In market data projects, there is often a phase that requires importing and validating historical time series of market prices. The note this week provides background on the use of historical time series within the context of the FRTB P&L attribution test (PLAT).
Volatility is the most important parameter in quantitative finance. It is used to estimate the probability that price changes will lead to cash flows for options and other derivatives. There are two ways that volatility can be estimated. The first is by extracting it from the market prices of traded options. This approach aligns with no-arbitrage valuation principles and the resulting implied volatilities (IVs) act as the risk-neutral probabilities of price changes. The official daily P&L of a bank typically uses IVs when calculating derivative valuations. The second method for estimating volatility is statistically, by reading historical time-series of prices. Market risk calculations like value-at-risk (VaR) use this second type of volatility estimate. In derivatives pricing theory probabilities of price changes, i.e., volatilities, backed out of empirical time-series data are referred to as real-world probabilities.

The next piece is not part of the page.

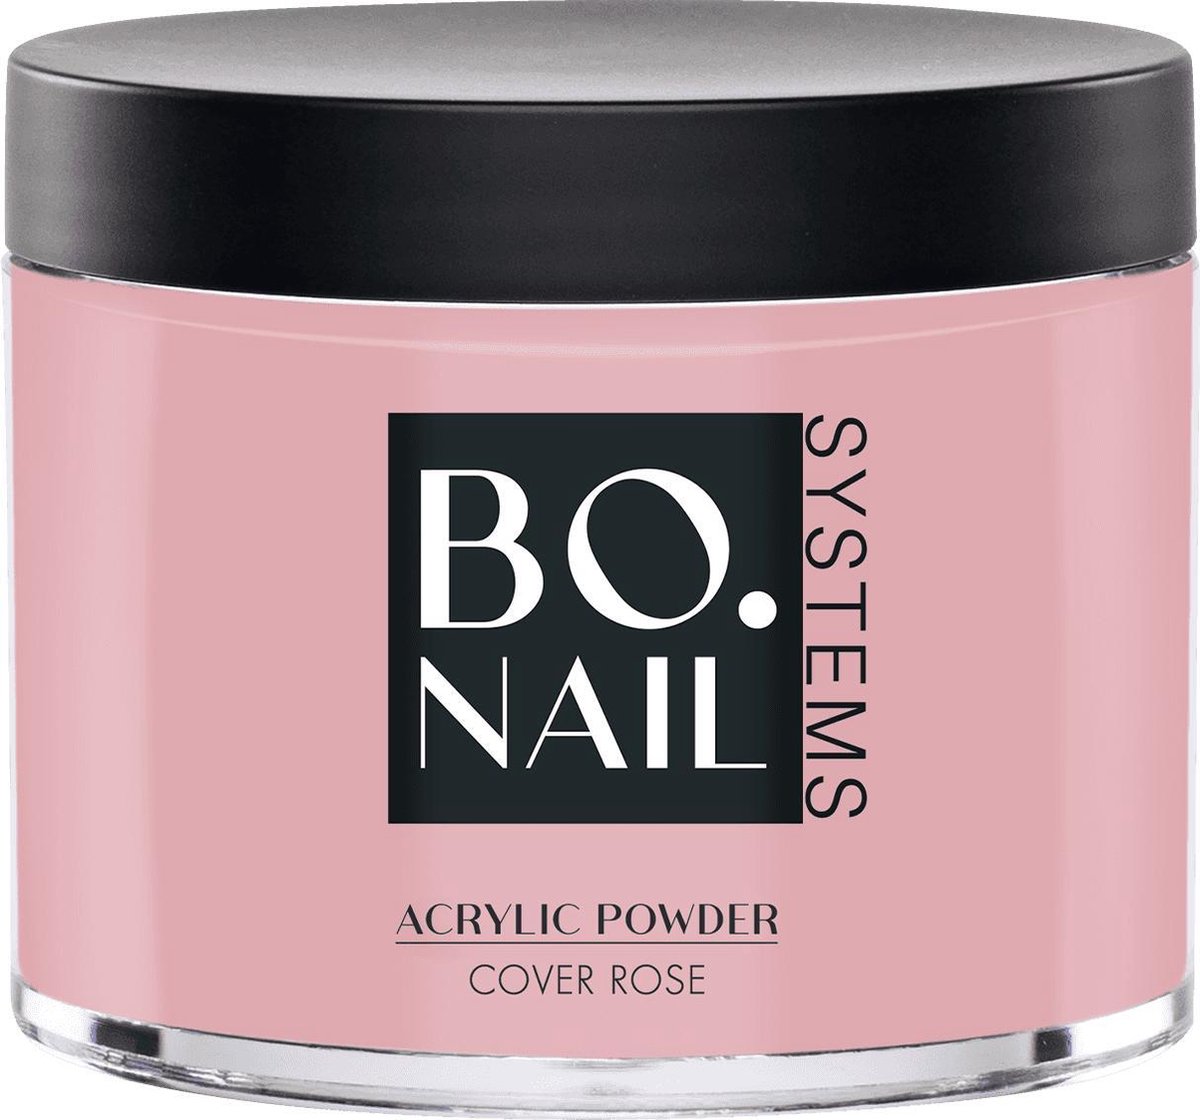 BO.NAIL BO.NAIL Acrylic Powder Cover Rose (100 gr)

Regulators require that banks estimate worst-case losses of their portfolios using VaR. Distributions of risk factor price changes are simulated and used to create portfolio P&Ls for each day of the VaR period. VaR is then determined using the worst P&L days. The simulations are generated using historical time series. Under the HistSim VaR method they are generated by sorting the price changes from highest to lowest directly from the time series. The parametric and Monte Carlo methods, on the other hand, use statistically calculated estimates of volatility for the VaR period by using techniques such as GARCH (1,1) and EWMA volatility.
The FRTB PLAT tests whether the P&L distributions generated by the VaR simulations are statistically close to the distributions of P&L generated by saving and storing market data each day over the same period and re-running the no-arbitrage valuation processes. Historical P&Ls calculated using HistSim and GARCH for use in VaR are referred to as risk-theoretical P&L (RTPL). Historical P&Ls generated using saved down no-arbitrage IV surfaces are referred to as hypothetical P&L (HPL). Both RTPL and HPL are calculated using the latest position data available.
RTPL and HPL will always be different as the processes for generating them use two different methods for volatility estimation.